Source: AIP Digital Archive

Topics: Physics , Chemistry and Pharmacology

Notes: Expressions are derived for the nuclear quadrupole splittings in the E3 and E4 (para–para) states of (NH3)2 and it is shown that these can be matched with the standard expressions for rigid rotors with two identical quadrupolar nuclei. The matching is exact only when the off-diagonal Coriolis coupling is neglected. However, the selection rules for rotational transitions are just opposite to those for the rigid rotor. Hyperfine splittings are measured for the J=2←1 transitions in the E3 and E4 states with ||K||=1; the quadrupole coupling constants χaa=0.1509(83) MHz and χbb−χcc=2.8365(83) MHz are extracted from these measurements by the use of the above mentioned correspondence with the rigid rotor expressions.
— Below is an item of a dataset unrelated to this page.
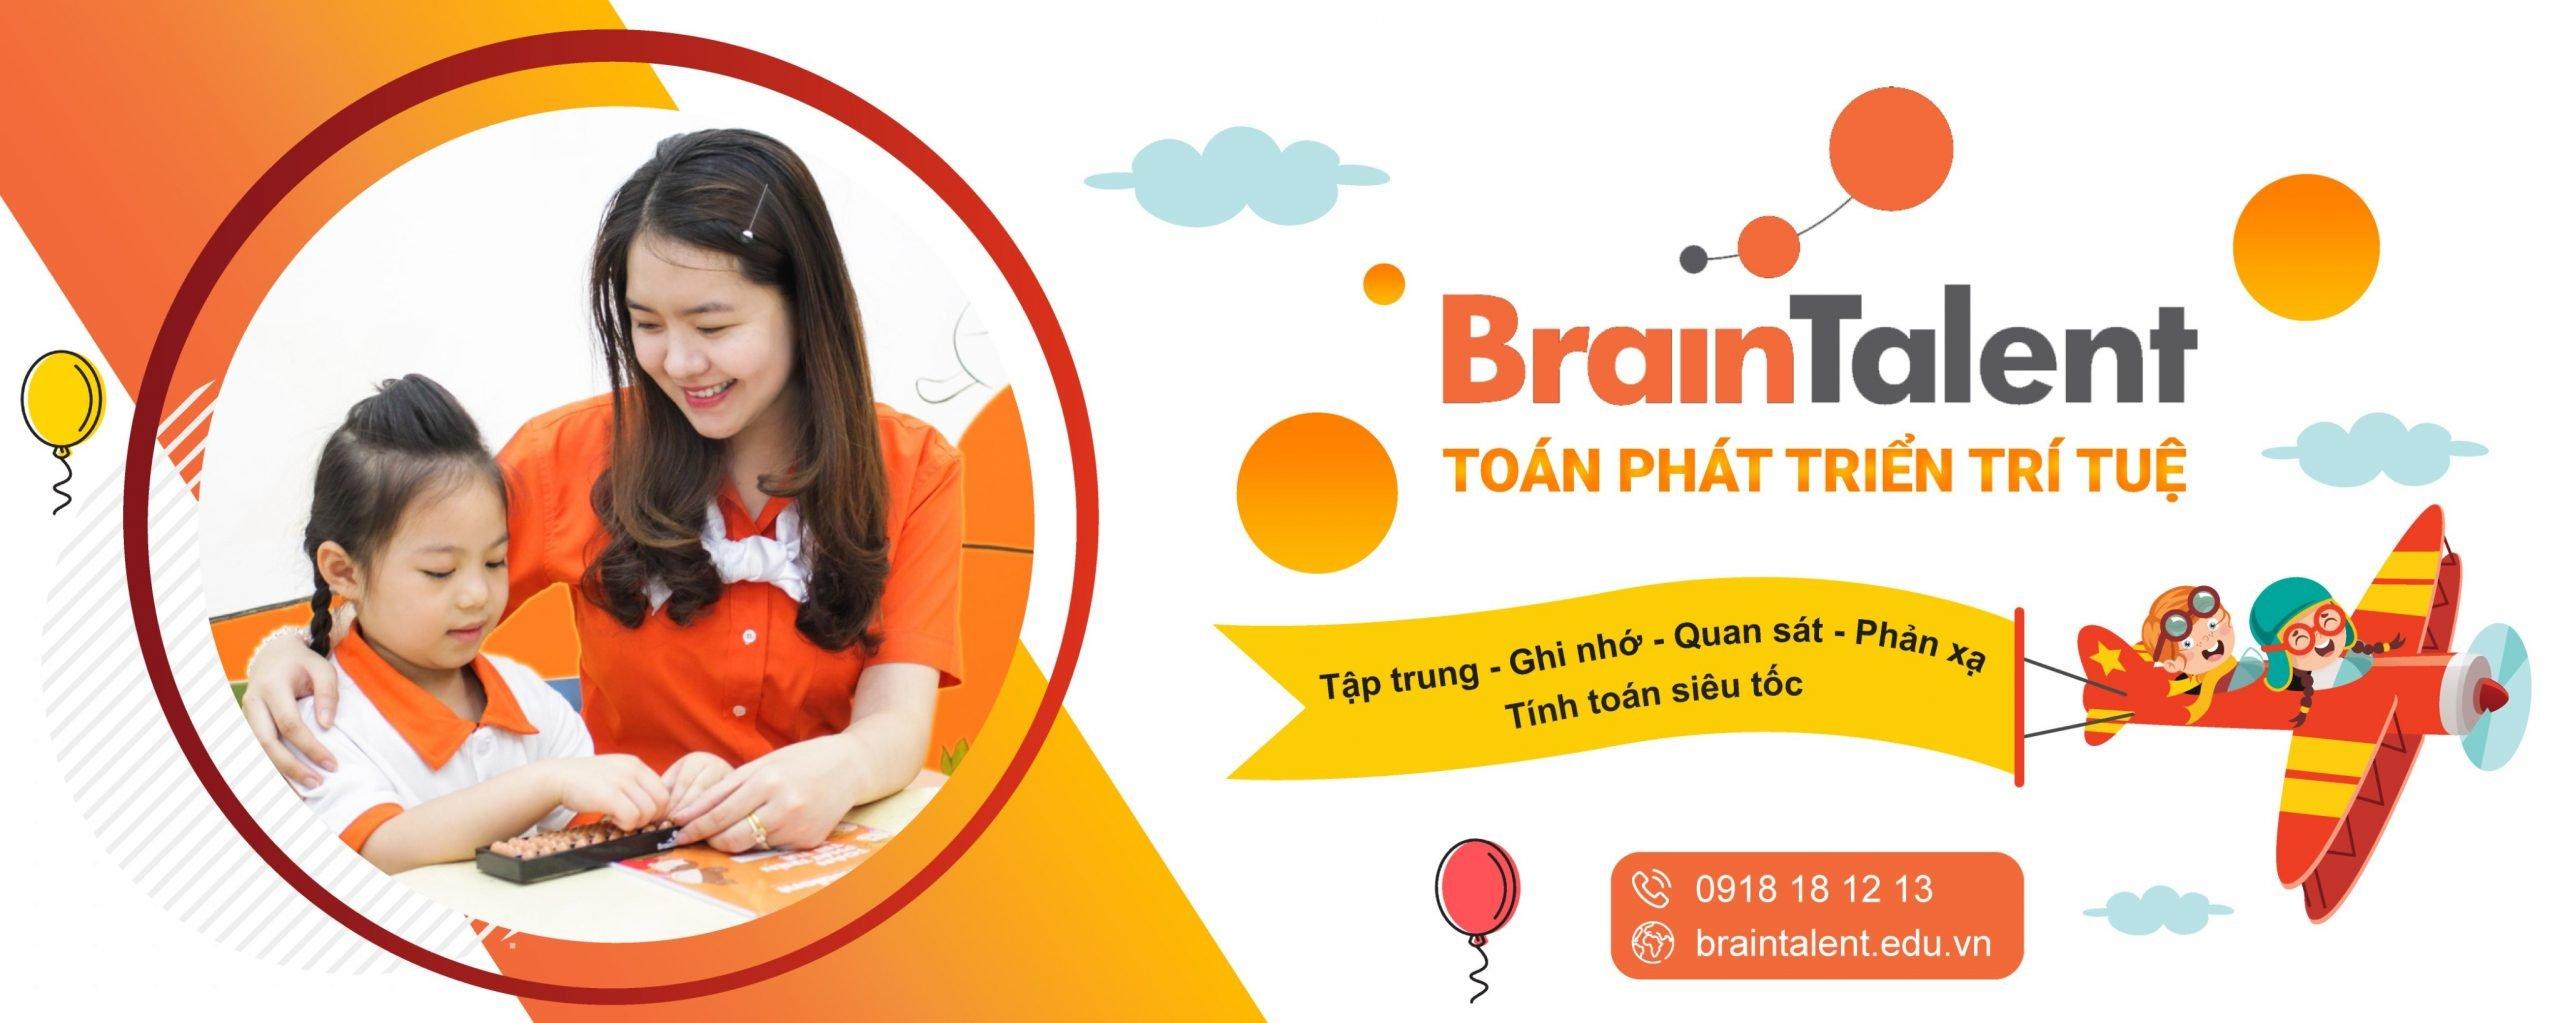 Toán phát triển trí tuệ giúp bé tăng khả năng ghi nhớ

The corresponding results are also calculated, with and without the Coriolis coupling, from the six-dimensional vibration–rotation–tunneling (VRT) wave functions of (NH3)2, which were previously obtained by Olthof et al. [E.H.T. Olthof, A. van der Avoird, and P.E.S. Wormer, J. Chem. Phys. 101, 8430 (1994)]. From the comparison of χaa with the measured value it follows that the semiempirical potential and the resulting VRT states of Olthof et al. are very accurate along the interchange (cursive-thetaA,cursive-thetaB) coordinate. From χbb−χcc it follows that this potential is probably too soft in the dihedral angle γ¯=γA−γB, which causes the torsional amplitude to be larger than derived from the experiment. © 1995 American Institute of Physics.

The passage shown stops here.